$\newcommand{\Span}{\operatorname{Span}}$Let $V$ be a vector such that $\dim V = n$, and let $v_1,\ldots,v_k \in V$ be independent vectors such that $1<k\leq n$. Now Let $w_1,\ldots,w_r\in$ $\Span\left\{ v_1,\ldots,v_k \right\}$ be independent vectors such that $1\leq r <k$.
My question is this: How do I find the missing vectors $w_{r+1},\ldots,w_k\in \Span\left\{ v_1,\ldots,v_k \right\}$ so that $\Span\left\{w_1,\ldots,w_r,w_{r+1},\ldots,w_k\right\} = \Span\left\{ v_1,\ldots,v_k \right\}$ ?
Now I know they exist, I just don't know how I actually find them.
For example: Lets look at $\mathbb{R}^5$ and $$U=\Span\left\{ \begin{pmatrix} 5\\2\\3\\7\\3 \end{pmatrix},\begin{pmatrix} 2\\4\\4\\8\\1 \end{pmatrix} ,\begin{pmatrix} 3\\4\\7\\6\\1 \end{pmatrix},\begin{pmatrix} 5\\8\\6\\4\\8 \end{pmatrix} \right\}$$
Those are all independent vectors. Now lets take $2$ independent vectors that are linear combination of those. lets say, $$w_1 = \begin{pmatrix} 6\\2\\11\\15\\-3 \end{pmatrix} \; w_2=\begin{pmatrix} 0\\4\\-2\\12\\1 \end{pmatrix}$$ How can we complete those two vectors to form a basis of $U$ ?

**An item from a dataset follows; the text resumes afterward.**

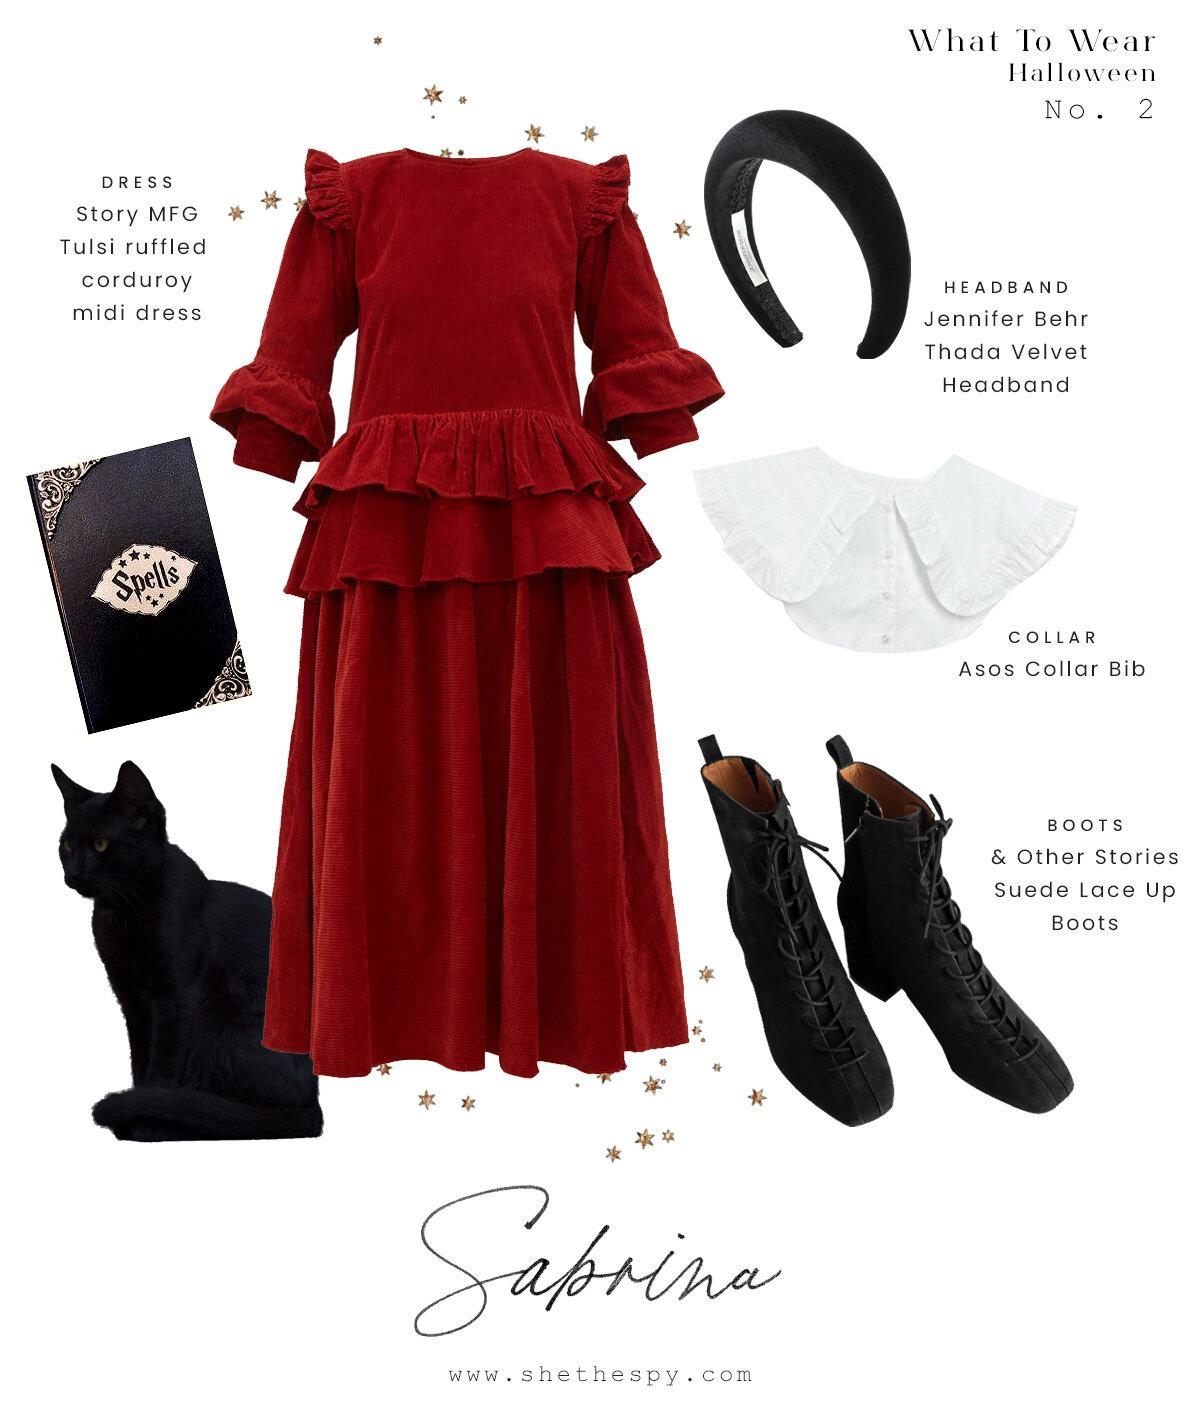 shethespy-halloween-outfit-Sabrina.jpg

I would really like to understand the general idea of this. This is actually a general question of something I need it for, which is the process of finding a Jordan basis for matrices\transformations.
Thanks for any help
Best Answer
Here's one method for the case of $V = \Bbb R^n$: row-reduce the matrix $$ \pmatrix{w_1 & \cdots & w_r & v_1 & \cdots & v_k} $$ The columns of this matrix that eventually become pivot columns are precisely those which are linearly independent to the preceding columns. It suffices, then, to take these columns to form your basis.